1. "Goodbye Stranger" (Single edit) – 4:29
2. "The Logical Song" (Single edit) – 3:47
3. "Bloody Well Right" (Single edit) – 4:17
4. "Breakfast in America" – 2:38
5. "Rudy" (from Crime of the Century) – 7:17
6. "Take the Long Way Home" (Single edit) – 4:06
7. "Crime of the Century" – 5:32
8. "Dreamer" – 3:31
9. "Ain't Nobody But Me" (from Crisis?

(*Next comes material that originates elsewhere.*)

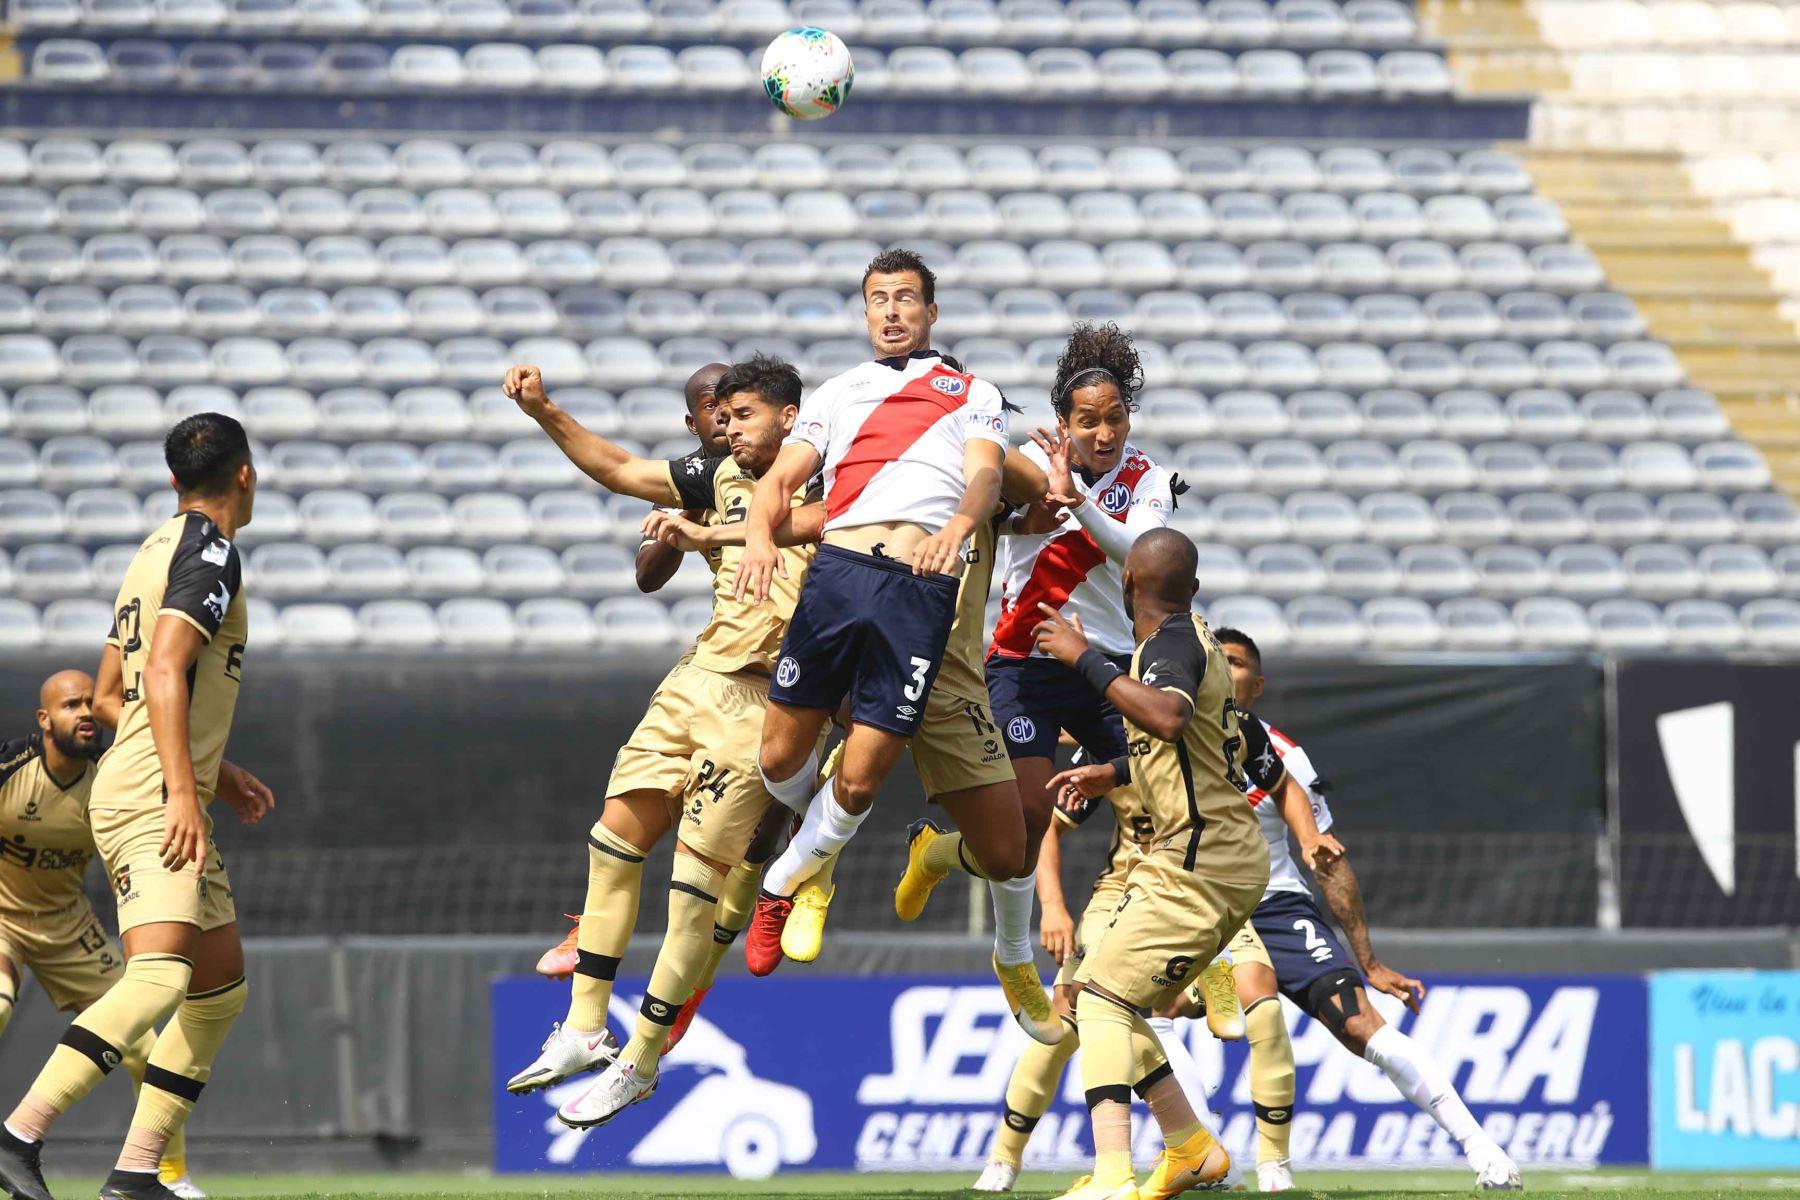 J. Caballero de D. Municipal  disputa  el balón ante el jugador de  F.C Cusco durante partido por la fecha 8 de la Liga 1, en el estadio Alejandro Villanueva. Foto: Liga 1

What Crisis?, 1975) – 5:07
10. "Hide in Your Shell" (from Crime of the Century) – 6:47
11. "From Now On" – 6:10
12. "Give a Little Bit" – 4:08
13. "It's Raining Again" – 4:23
14. "Cannonball" (Single edit) (Davies) – 4:51

==Personnel==
- Supertramp
- Rick Davies – keyboard, harmonica, vocals
- Roger Hodgson (except on "Cannonball") – guitar, keyboards, vocals
- Dougie Thomson – bass
- John Helliwell – saxophone, woodwinds, keyboards, glockenspiel
- Bob Siebenberg – drums, percussion

- Additional musicians
- Slyde Hyde – trombone on "Breakfast in America"
- Marty Walsh – guitar on "Cannonball"
- Doug Wintz – trombone on "Cannonball"

==Production==
- Producers: Ken Scott, Peter Henderson, David Kershenbaum and Supertramp
- Mastering: Bernie Grundman, Norman Hall - Bernie Grundman Mastering, Inc.
- Cover design: Richard Frankel, Norman Moore
- Photography: Ron Slenzak
- Poster illustrations: Holly Hollington

==Charts==

===Weekly charts===

| Chart (1986–87) | Peak position |
|---|---|
| Canada Top Albums/CDs (RPM) | 12 |
| Dutch Albums (Album Top 100) | 61 |
| German Albums (Offizielle Top 100) | 45 |
| New Zealand Albums (RMNZ) | 7 |
| UK Albums (Official Charts) | 9 |

===Year-end charts===

| Chart (1987) | Position |
|---|---|
| New Zealand Albums (RMNZ) | 49 |

==Certifications and sales==

| Region | Certification | Certified units/sales |
| Brazil | — | 250,000 |
| New Zealand (RMNZ) | Platinum | 15,000^{^} |
| Switzerland (IFPI Switzerland) | Gold | 25,000^{^} |
| United Kingdom (BPI) | Platinum | 300,000^{^} |
^{^} Shipments figures based on certification alone.